TO DO :: With pictures excluded, copy word for word the lines in the data below from the line containing "leafy-round-damask-wallpaper-seamless-repeat-view" through the line containing "Alt View of".

THE DATA ::
____________

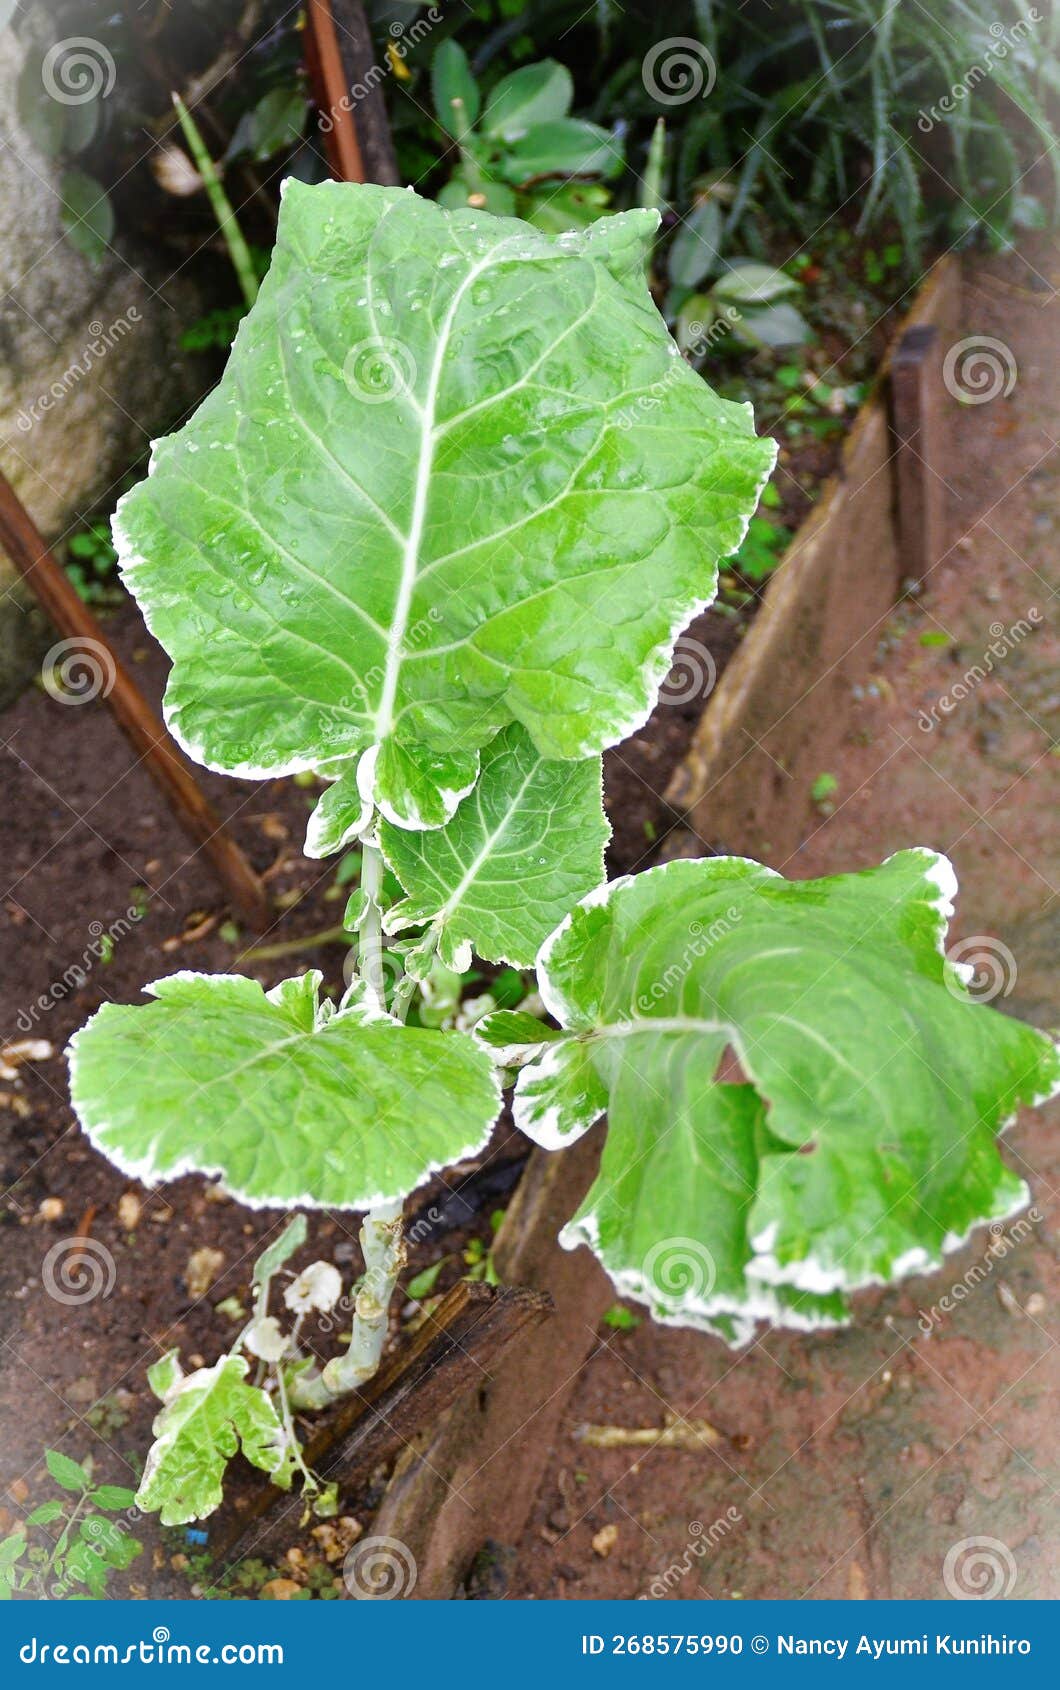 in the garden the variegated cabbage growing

____________

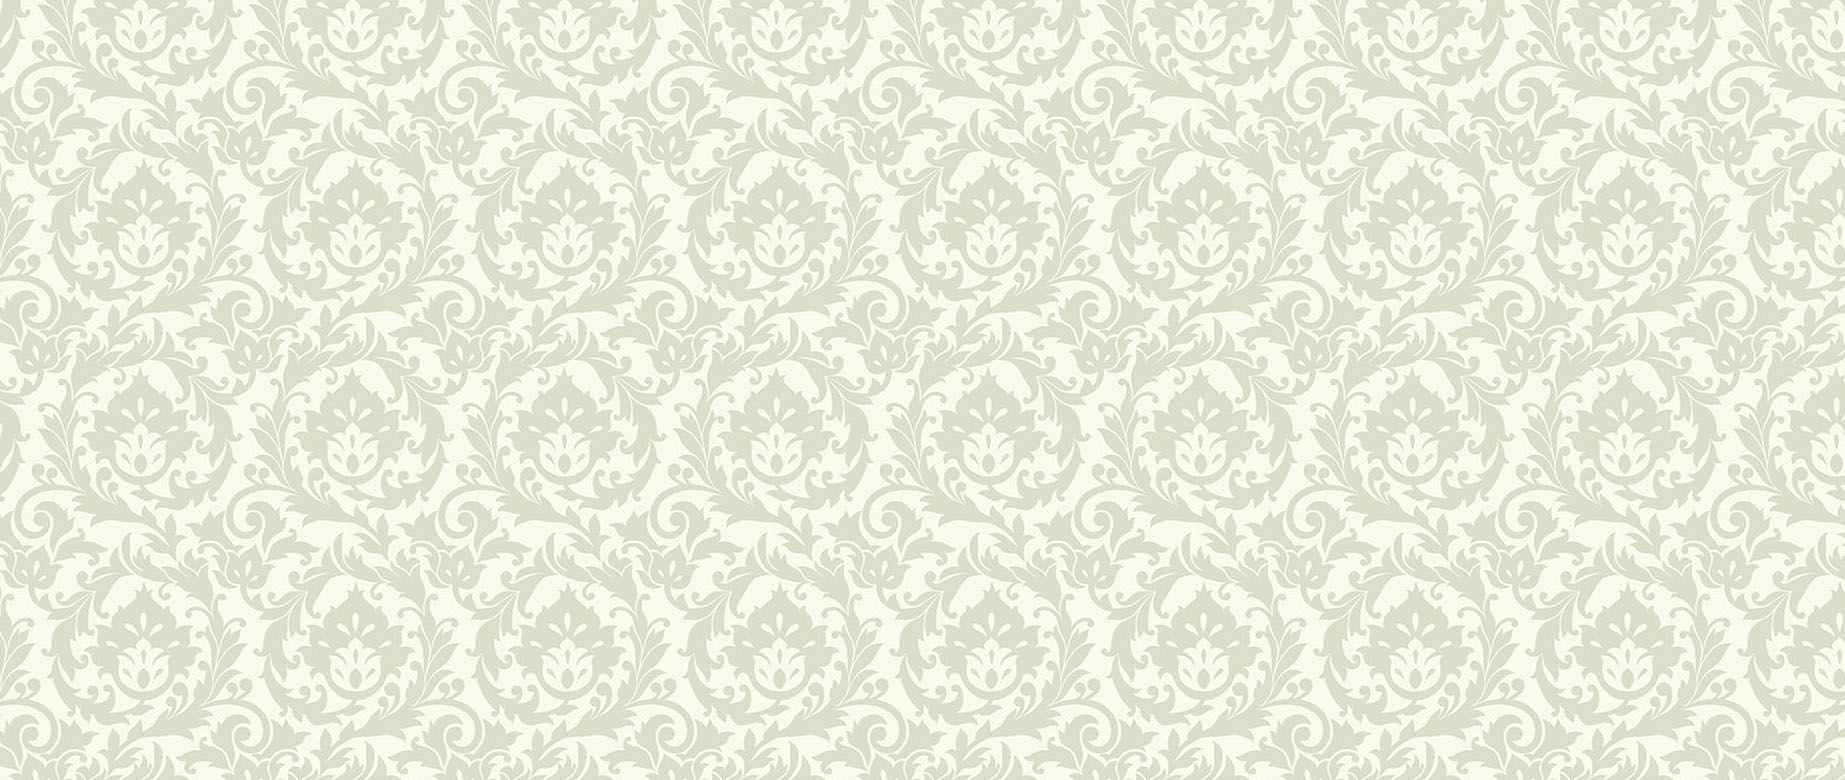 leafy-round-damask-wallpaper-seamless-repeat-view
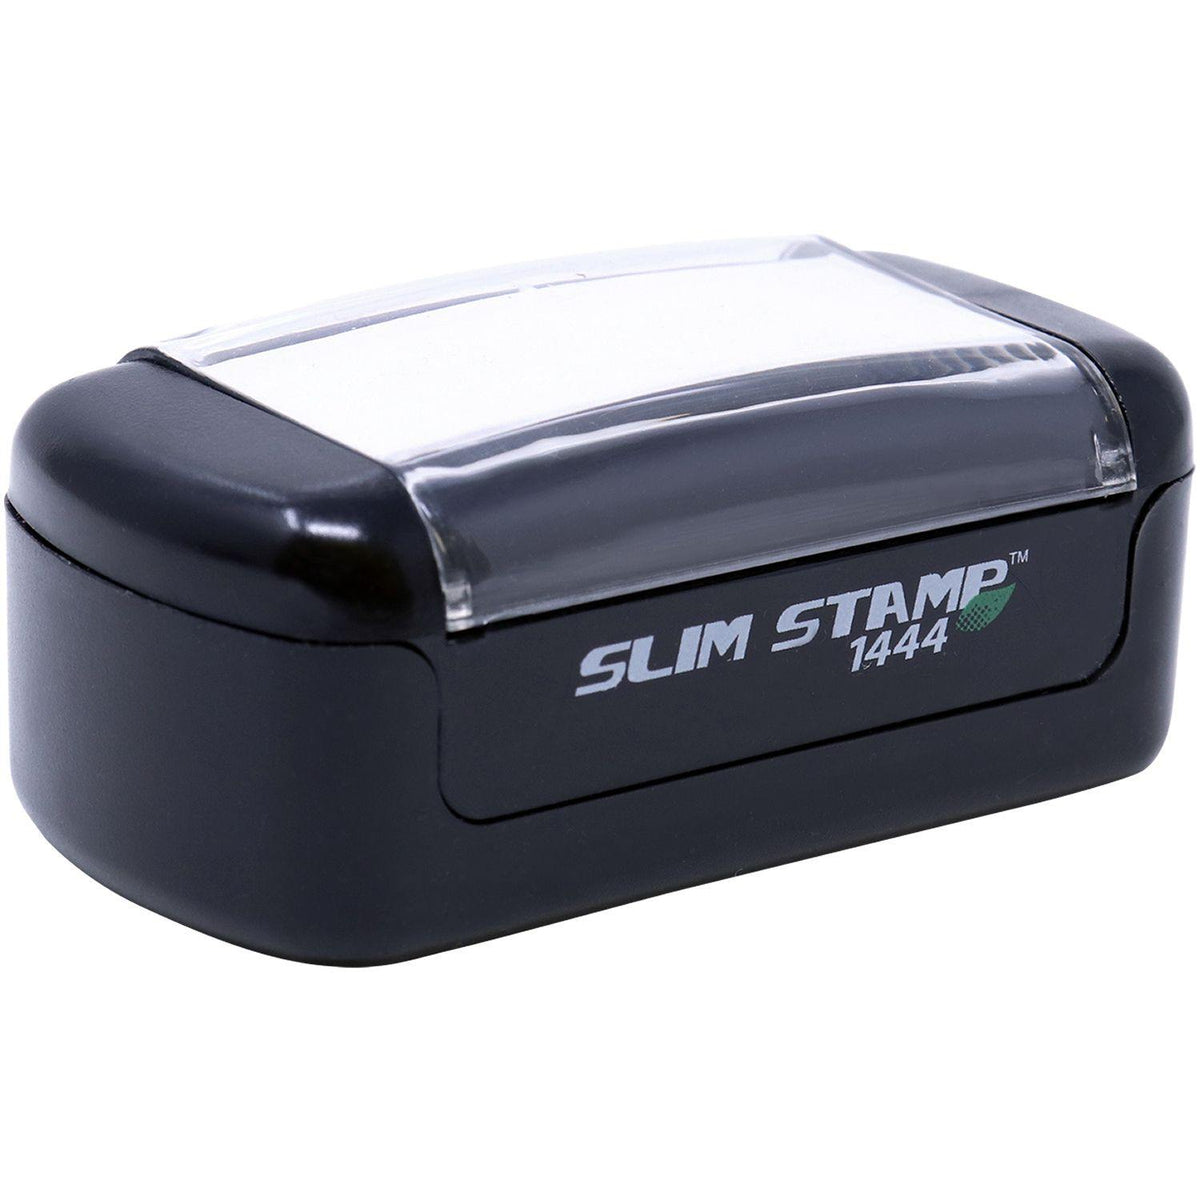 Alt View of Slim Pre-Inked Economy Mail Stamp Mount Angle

____________

YOUR RESPONSE ::
 leafy-round-damask-wallpaper-seamless-repeat-view
 Alt View of Slim Pre-Inked Economy Mail Stamp Mount Angle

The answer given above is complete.